App UI Testing (any URL — no deploy)
OpenFactory can drive a managed desktop tester VM (a vanilla Ubuntu desktop with a browser) to test the user interface of any web app over MCP — clicking, typing, and visually verifying like a person would.
You point it at a URL. You do not deploy your app with OpenFactory to test it. The tester VM opens whatever URL you give it — a local dev server, a preview or production deployment on Vercel, AWS, Netlify, Render, Fly, or any host, or any public site — as long as that URL is reachable from the VM. Your app keeps running wherever it already runs.
Want OpenFactory to host the app too? You can also deploy a Git repo and get a public preview URL to test against — see App Deployment.
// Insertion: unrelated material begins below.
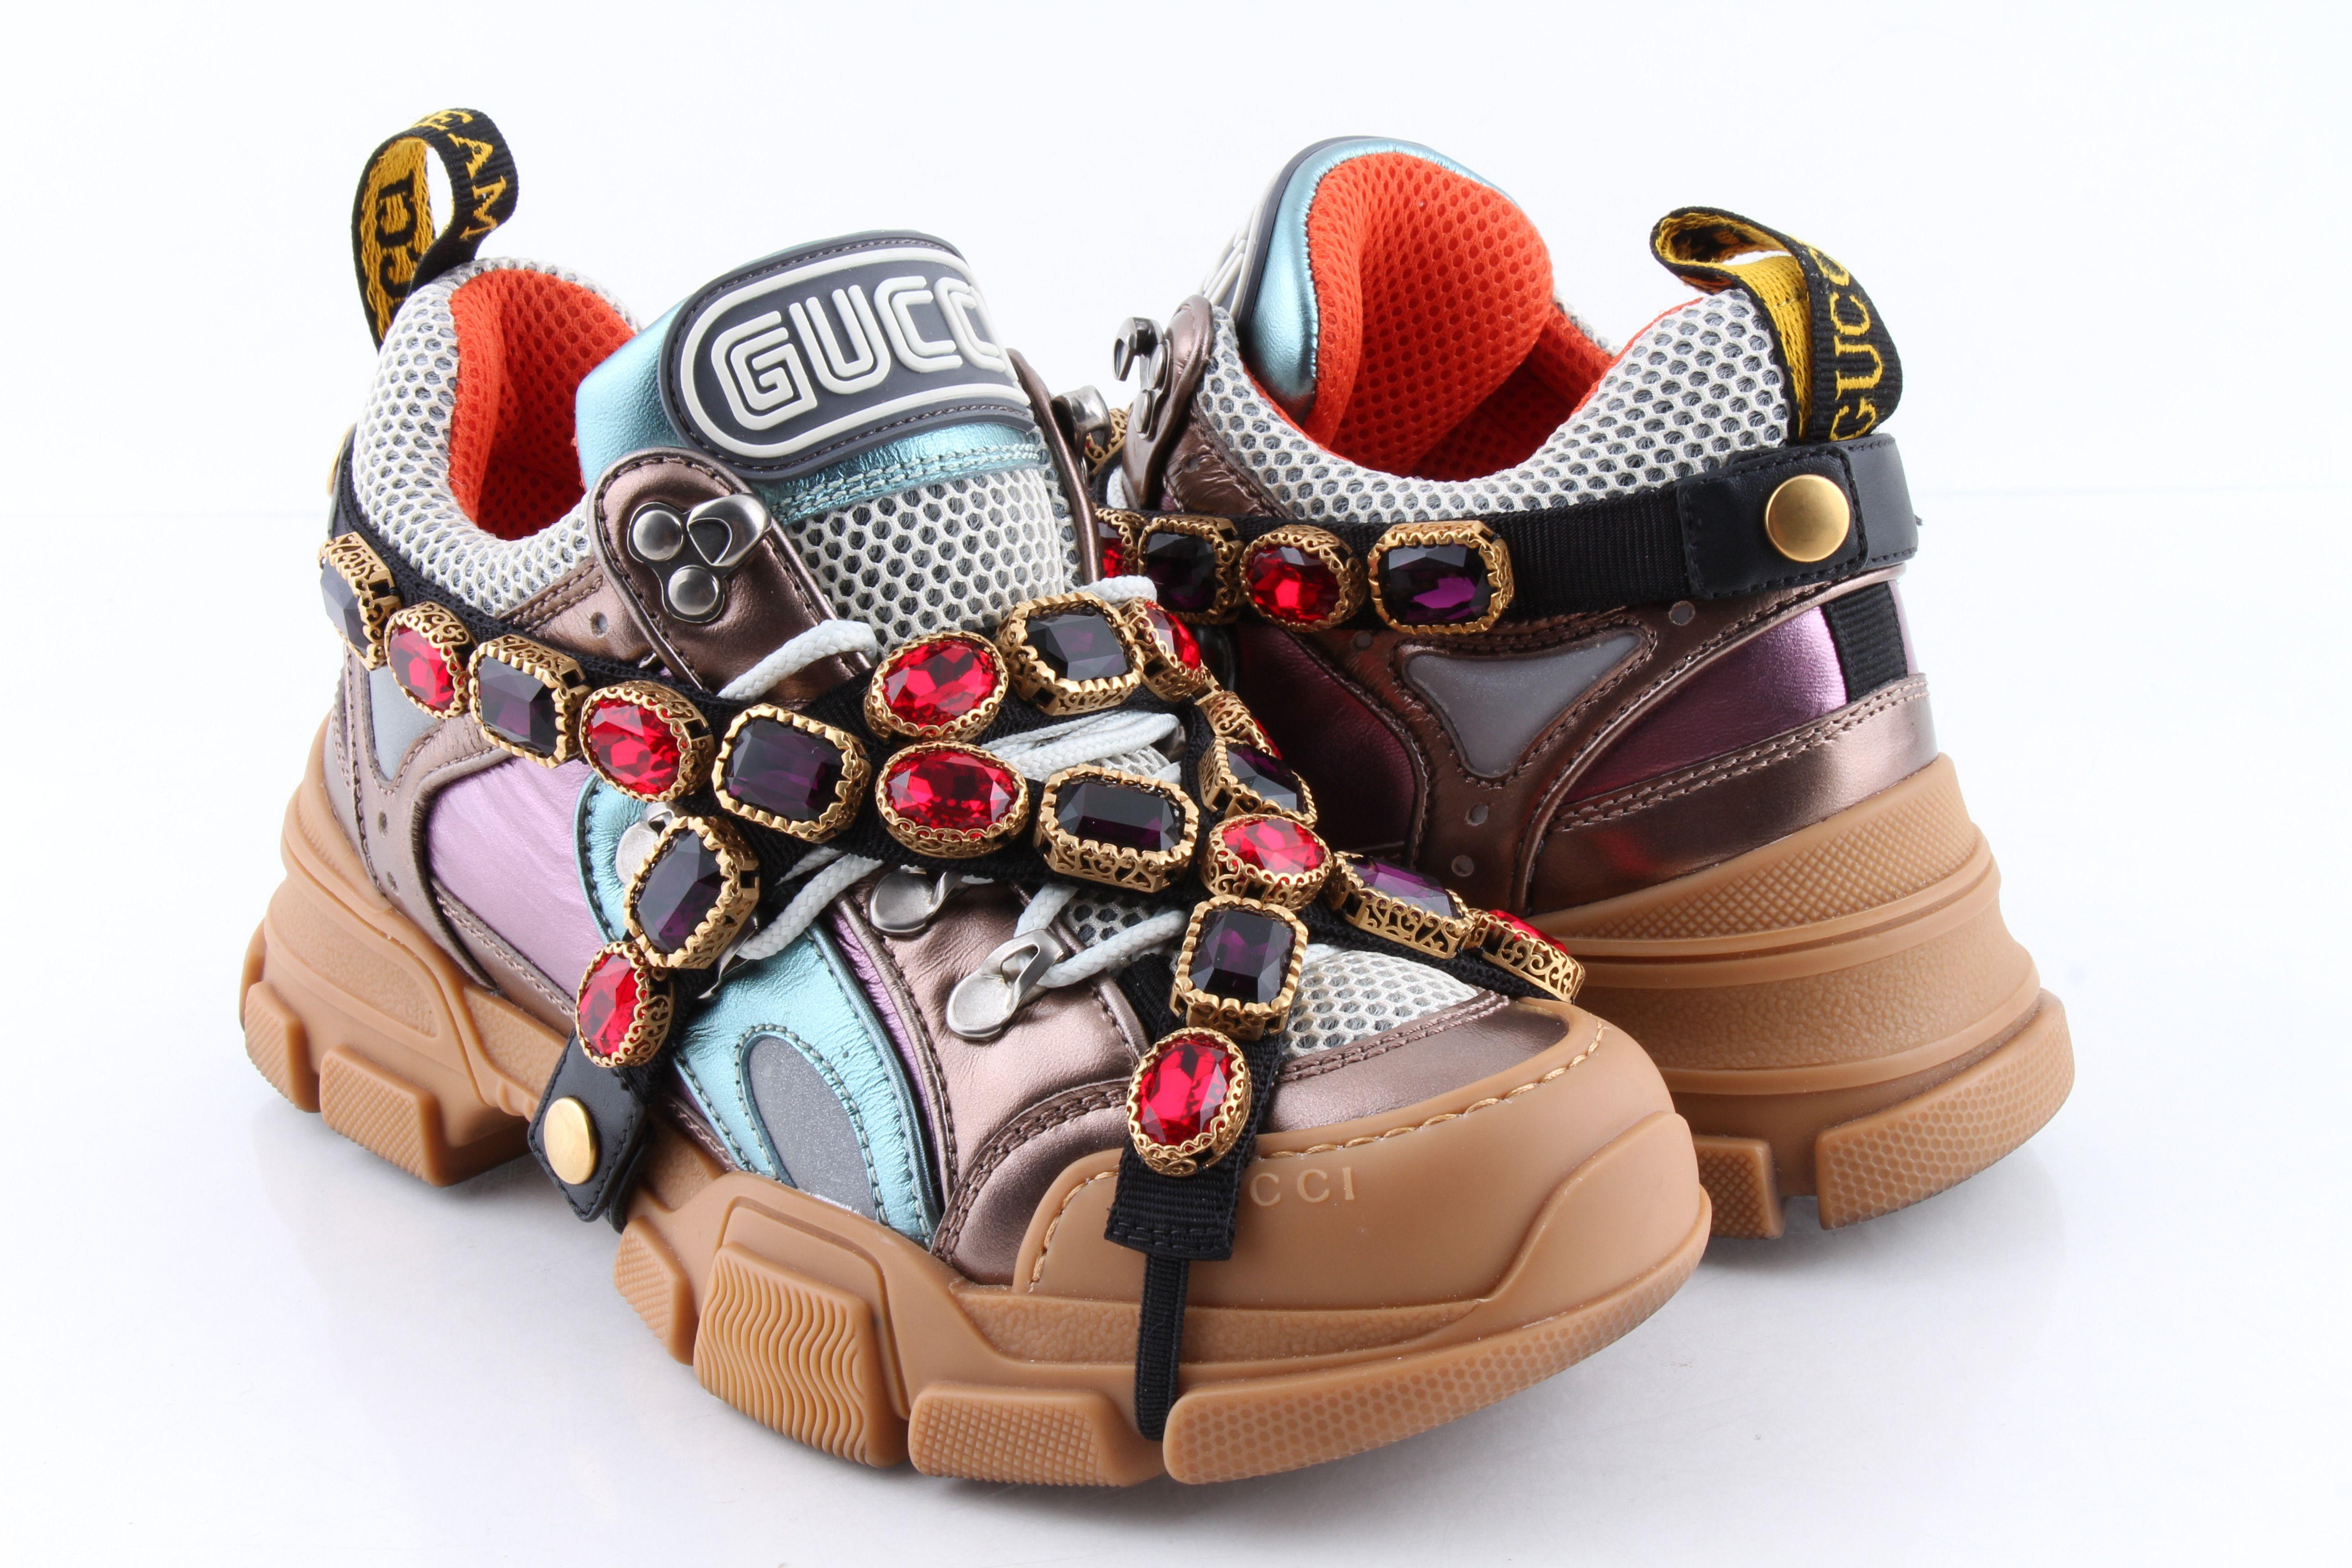 Gucci Flashtrek Sneaker Crystal Shoe

This is for GUI / UX workflow testing (login flows, forms, navigation, “does the new button actually work”). Lower-level checks (image contents, packages, systemd units) belong in build test suites and assertions.
How it works
- Get a tester VM —
ensure_tester_vmreturns your persistent, reusable desktop VM (created on first use, reused after). - Describe the flow once —
create_app_scenariostores a reusable scenario: an ordered list of plain-language steps against your app’s URL. - Run it (and re-run it) —
run_app_scenarioexecutes the scenario in the VM and records screenshots + a pass/fail verdict.
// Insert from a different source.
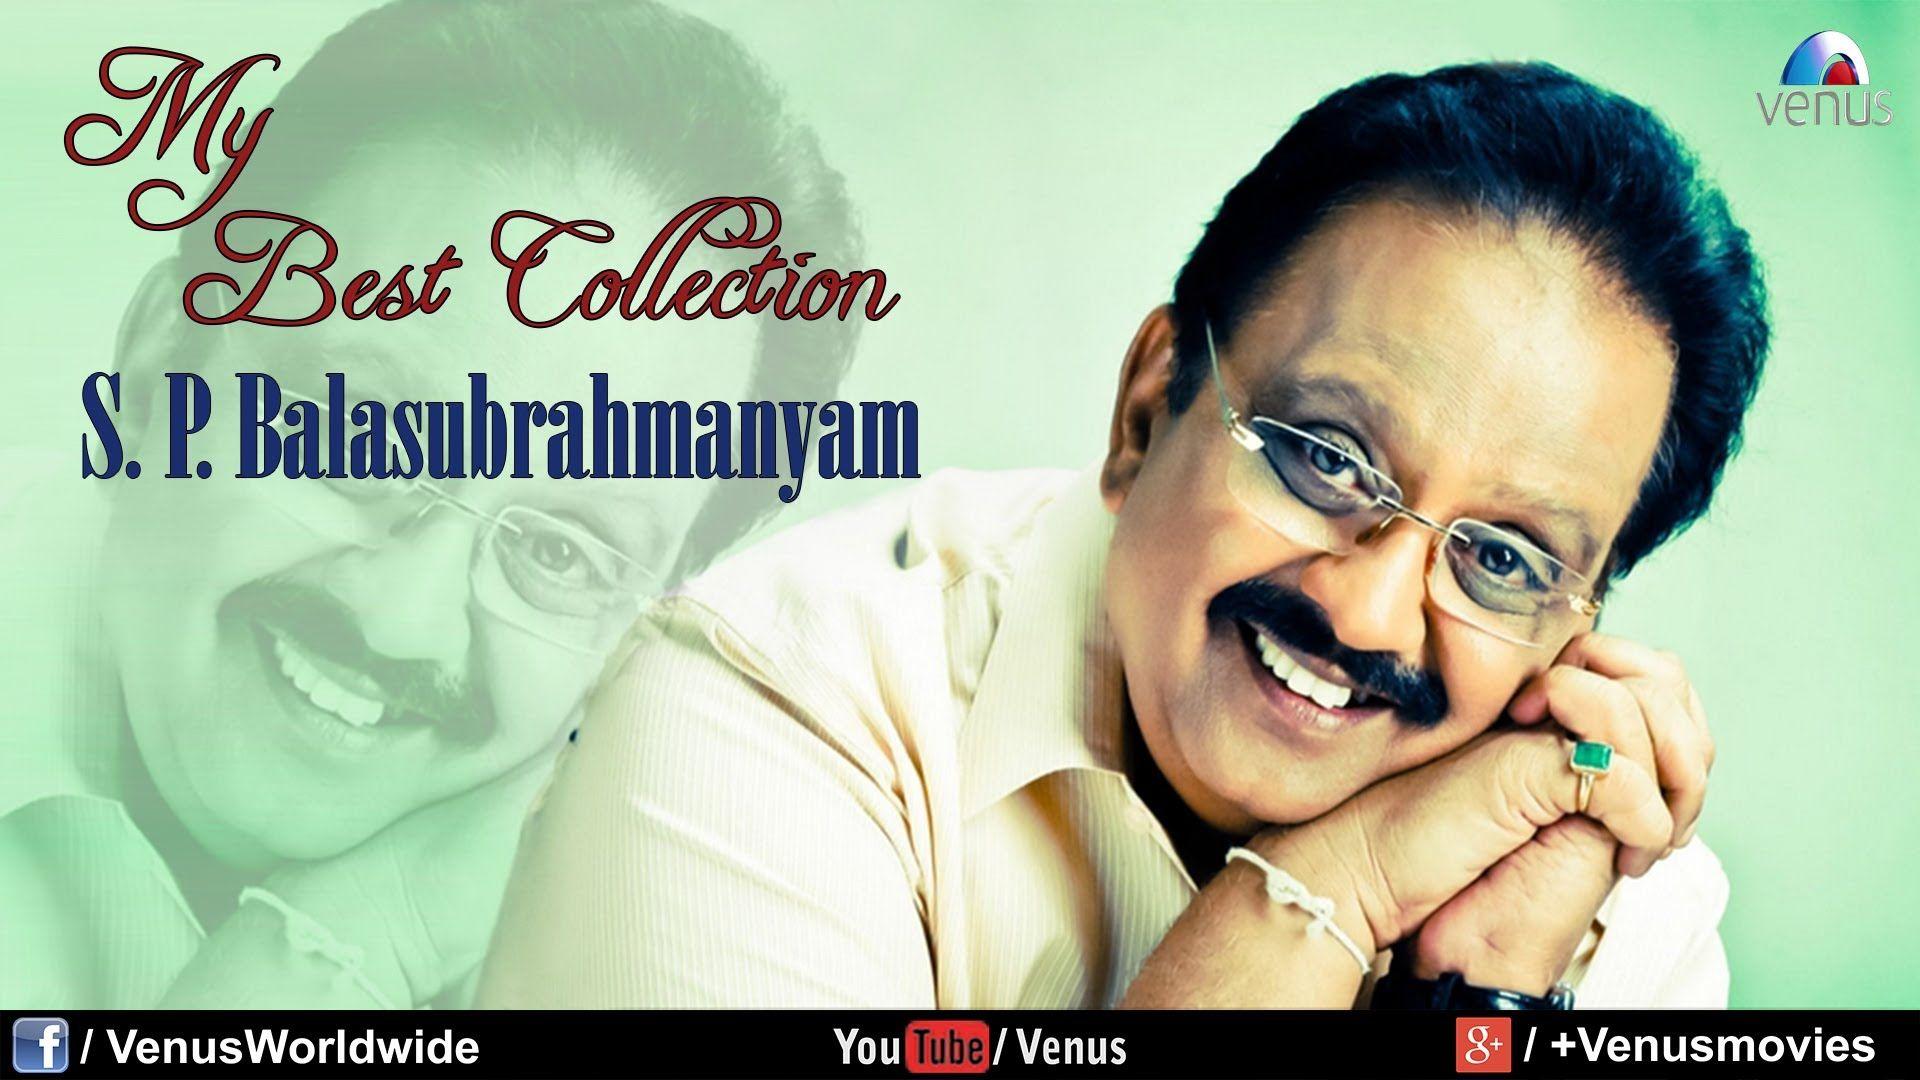 S P Balasubramaniam My Best Collection Audio Jukebox Jukebox Hindi Movie Song Song Hindi

Reusable, self-hardening scenarios
A scenario is described in plain language, not pixel coordinates or CSS selectors:
[
{ "action": "open_url", "value": "${APP_URL}" },
{ "action": "type", "target": "email field", "value": "${EMAIL}" },
{ "action": "type", "target": "password field", "value": "${PASSWORD}" },
{ "action": "click", "target": "Sign In button" },
{ "action": "type", "target": "verification code", "value": "${totp:OTP_SECRET}" },
{ "action": "click", "target": "Verify button", "expect": "Dashboard" }
]Step actions: open_url, click, type, key, assert_text, wait. For
click / type, target is matched on screen by the visual model — so it keeps
working when markup changes.
Hardening (fast, resilient re-runs). The first run resolves each element with the visual model (slower) and remembers where it was. Later runs replay from that memory and skip the expensive full-screen analysis — re-resolving (and re-learning) only the steps whose UI actually moved or changed. So a suite gets faster on the second run and self-heals small UI changes instead of breaking.
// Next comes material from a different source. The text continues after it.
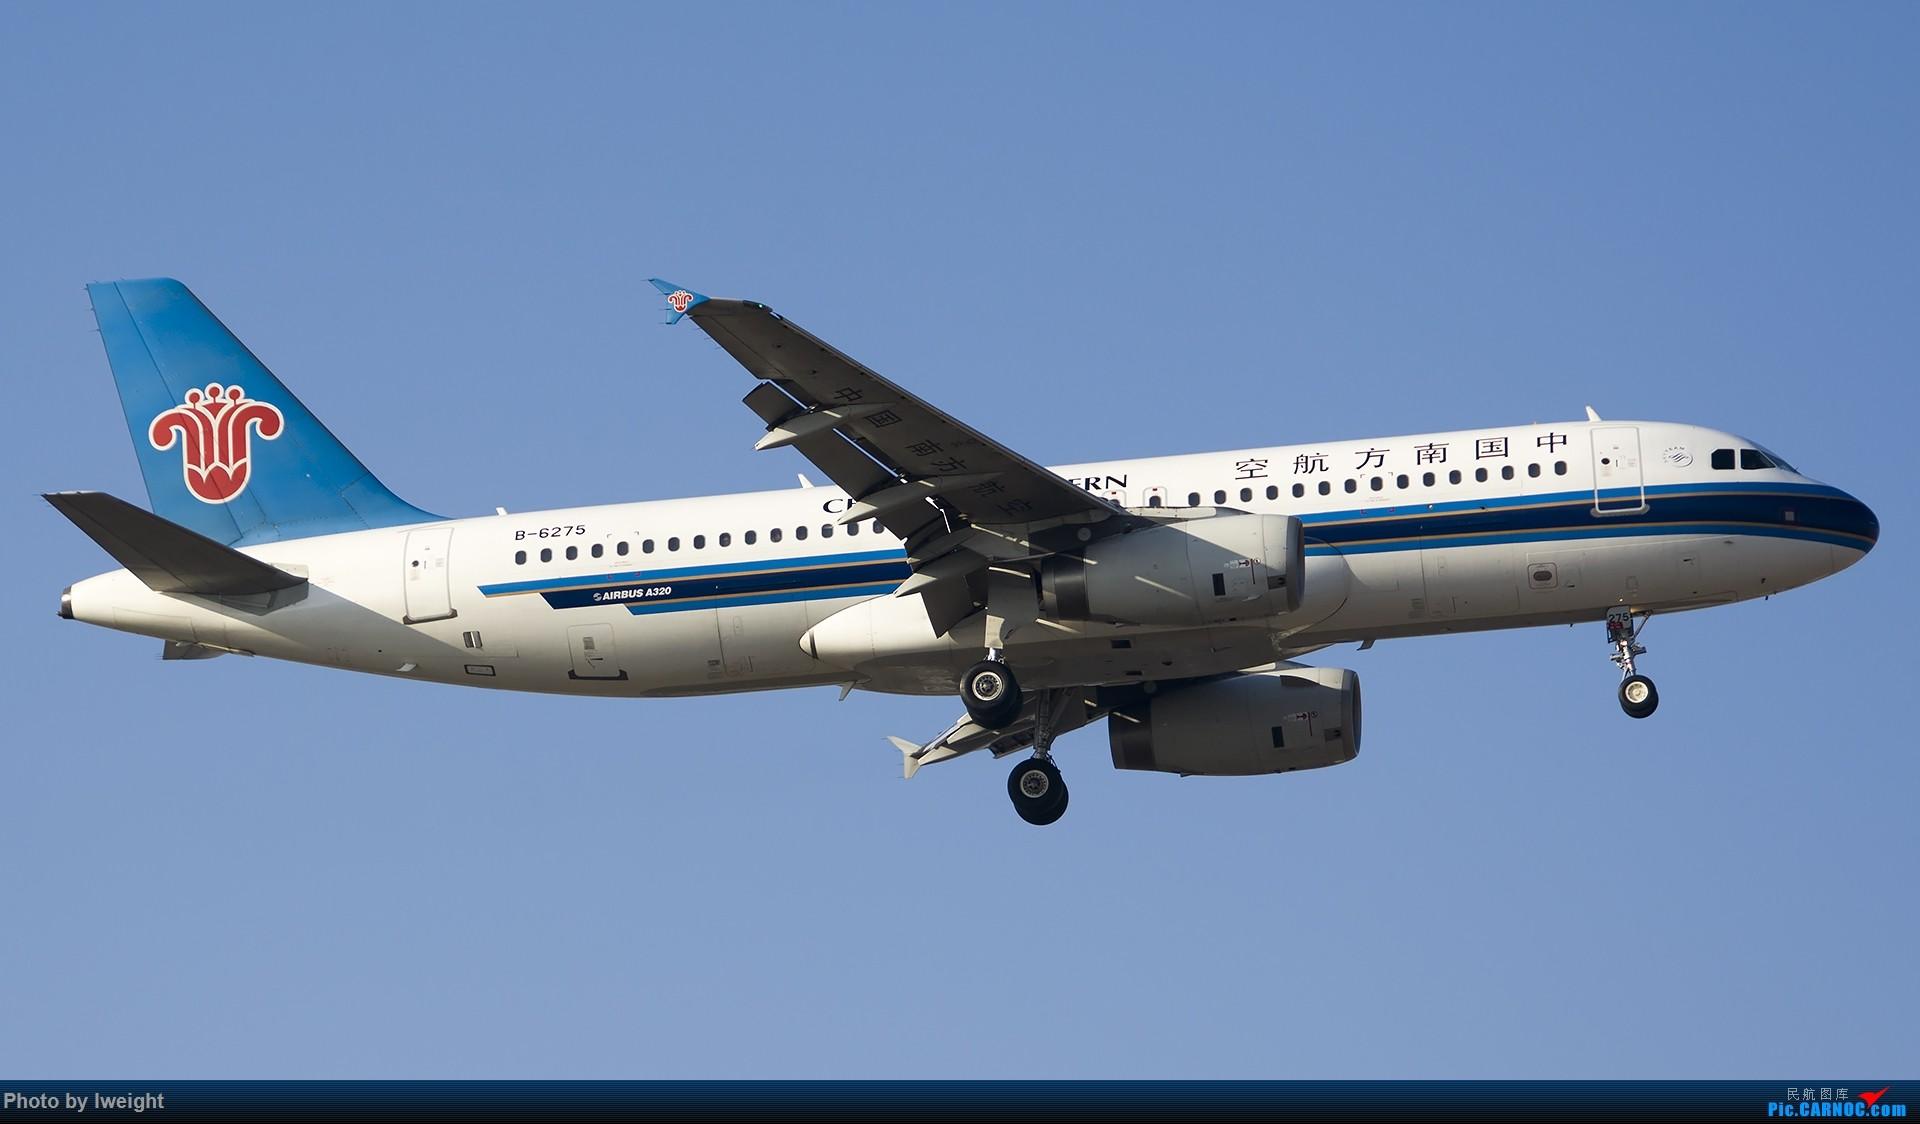 Re:[原创]庆祝升级777,发上今天在首都机场拍的所有飞机【2014-12-14】 AIRBUS A320-200 B-6275 中国北京首都国际机场

Environment variables and secrets
Steps reference variables as ${VAR}. Put non-secret defaults (app URL, test
email) on the scenario; pass secrets (passwords, tokens) at run time — they
are used for substitution and are never stored or written into the recorded
run.
Two-factor authentication (2FA)
If signing in requires a TOTP code, use ${totp:VAR} where VAR holds the
account’s base32 TOTP secret (the same seed your authenticator app uses).
OpenFactory computes the current 6-digit code (RFC 6238) and types it. Provide
the seed as a run-time secret, never in the stored scenario.
Highlighting UI elements
annotate_screenshot draws labeled boxes on a screenshot — useful for a coding
agent to box the element it just built (e.g. “new: Submit button”) for review
or evidence. Coordinates are pixel-space, so a box drawn at an element’s reported
position lands exactly on it.
Ad-hoc recorded runs
If you’d rather drive the VM step by step yourself (instead of a stored
scenario), use start_app_test → record_app_test_step → finish_app_test.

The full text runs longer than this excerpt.